:: Data segment ::
====
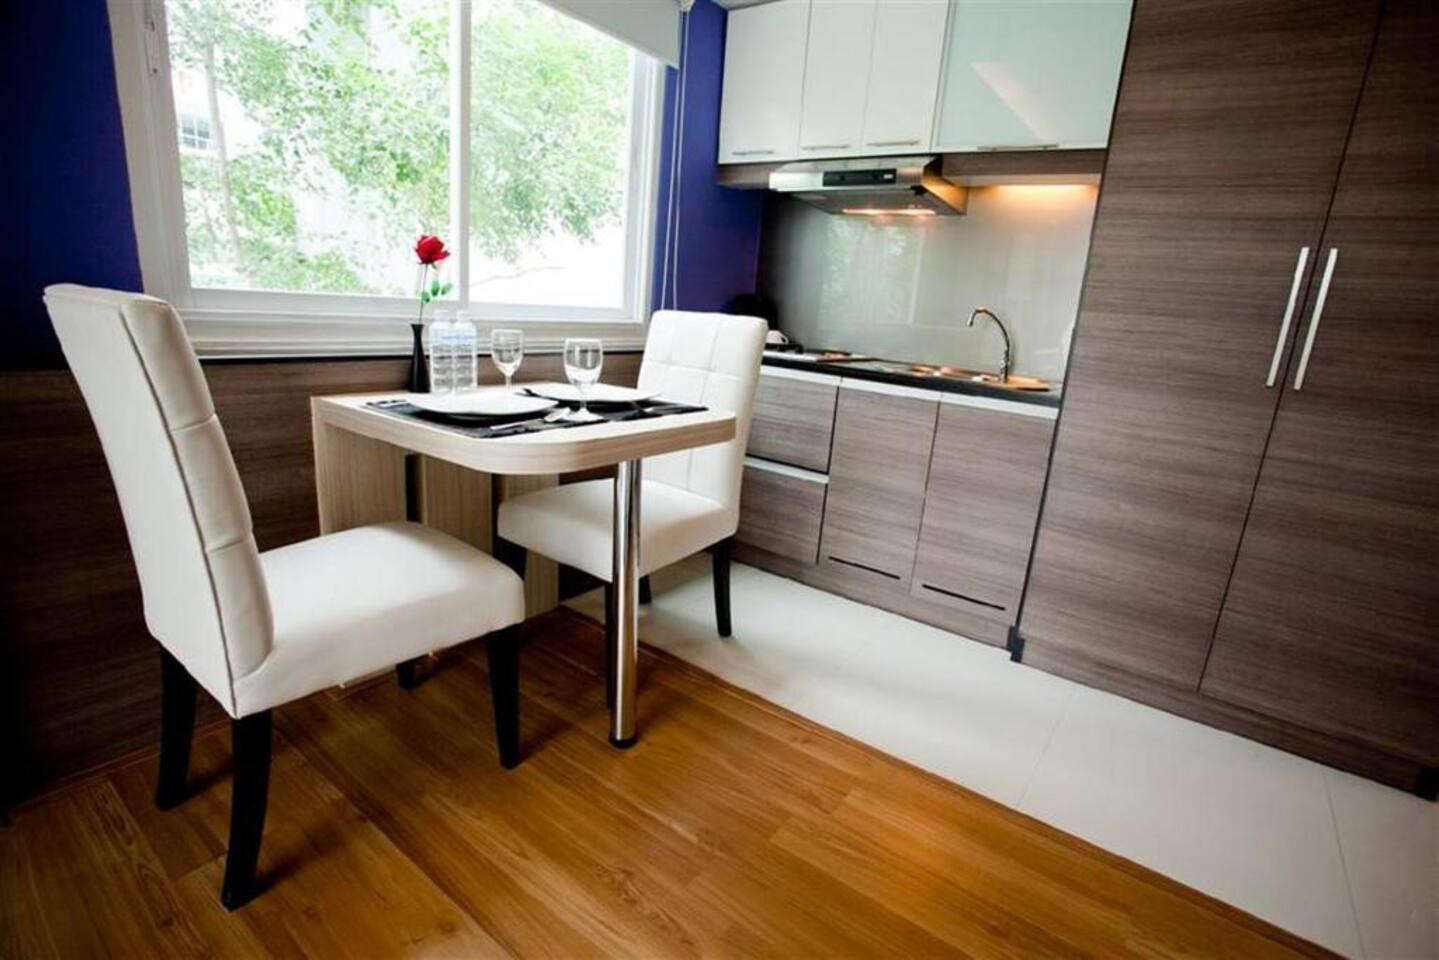 Studio Apartment Near Asoke BTS Skytrain
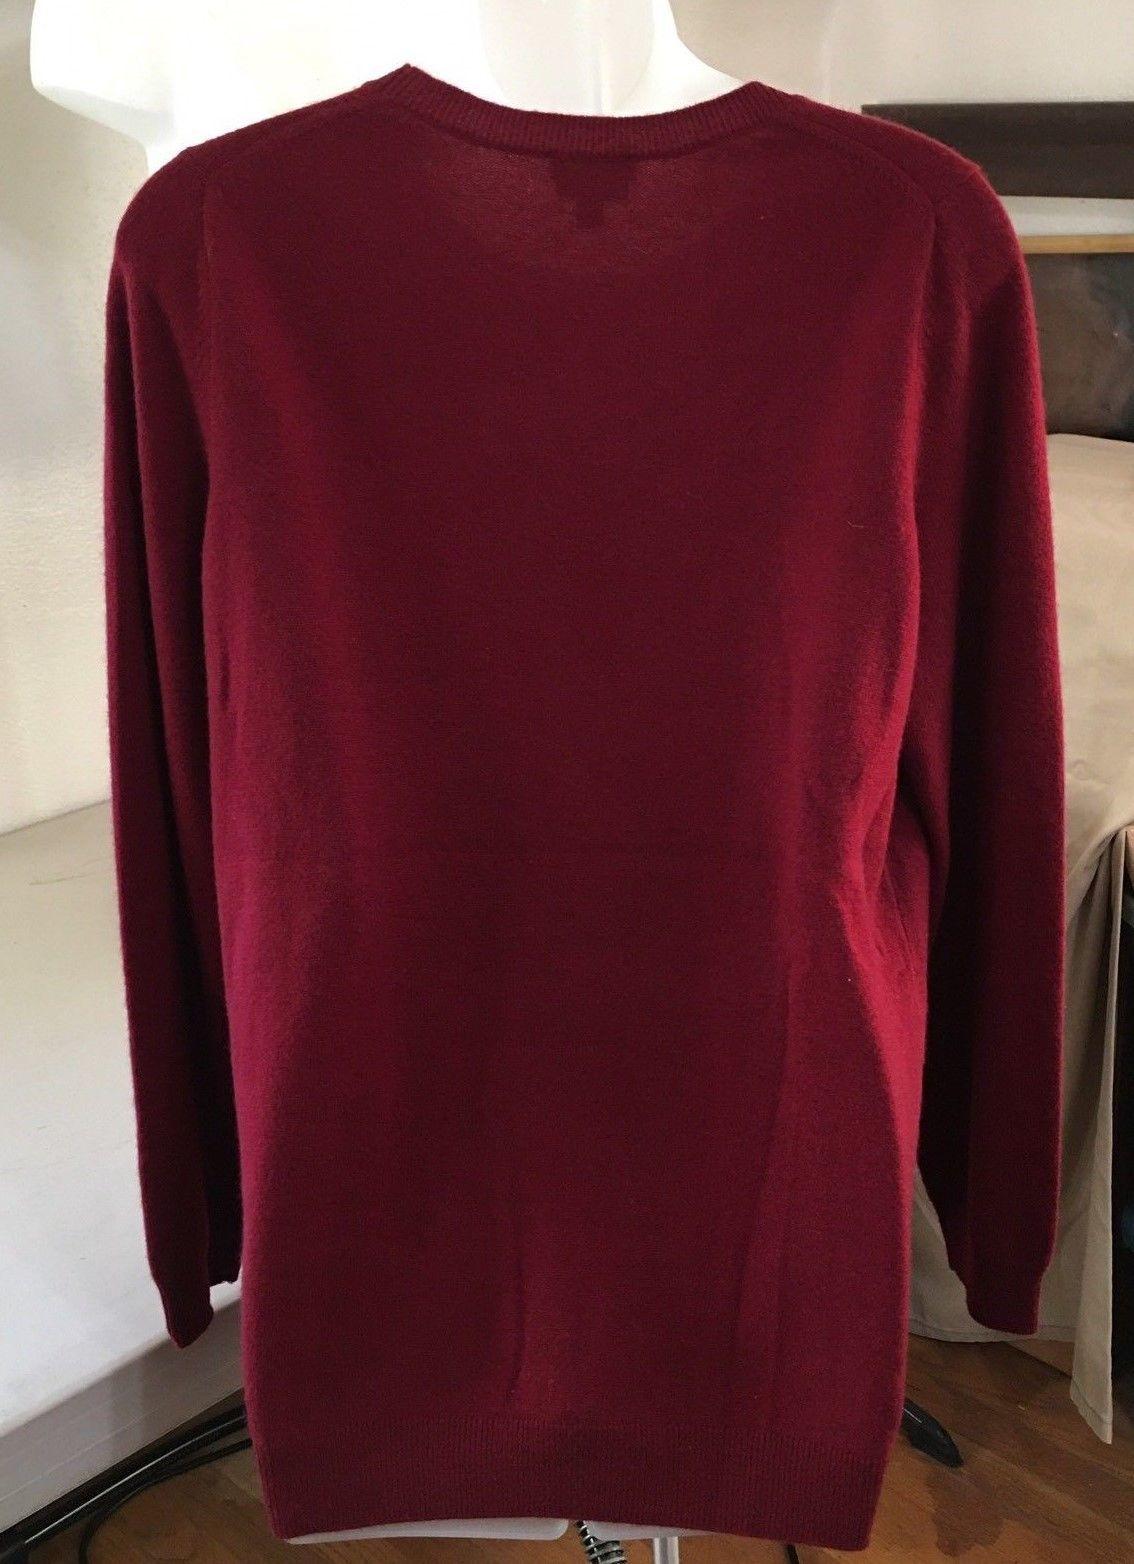 Talbots Pure Cashmere Women's X Crew Neck Sweater Deep Burgundy Wine C103 image 3
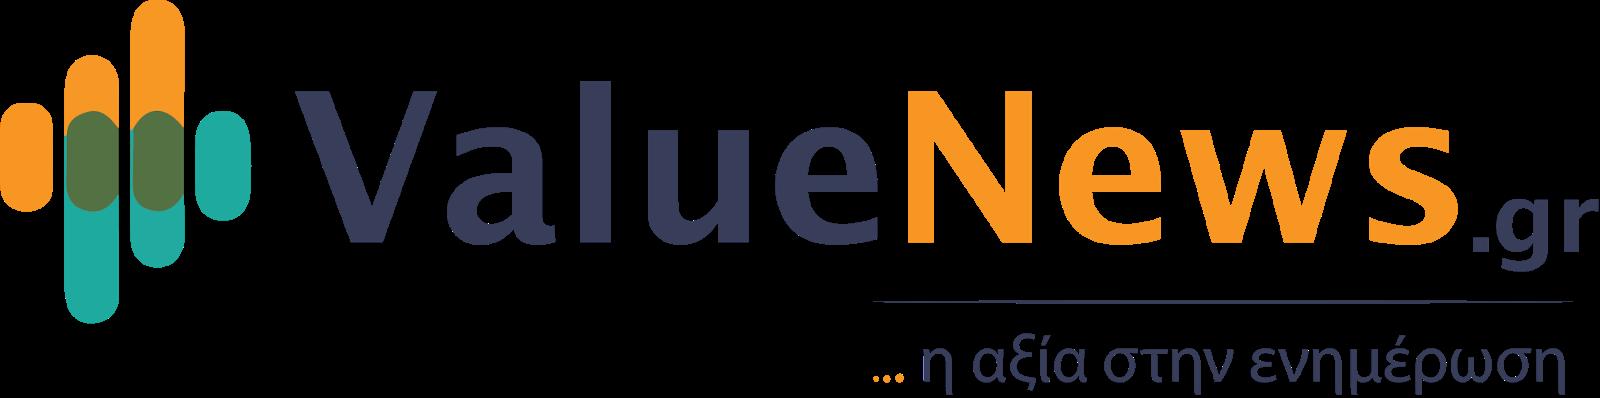 ValueNews.gr
====
:: Activity ::
When you write out the material, reproduce each line exactly and omit any picture it holds.

:: Answer area ::
 Studio Apartment Near Asoke BTS Skytrain
 Talbots Pure Cashmere Women's X Crew Neck Sweater Deep Burgundy Wine C103 image 3
 ValueNews.gr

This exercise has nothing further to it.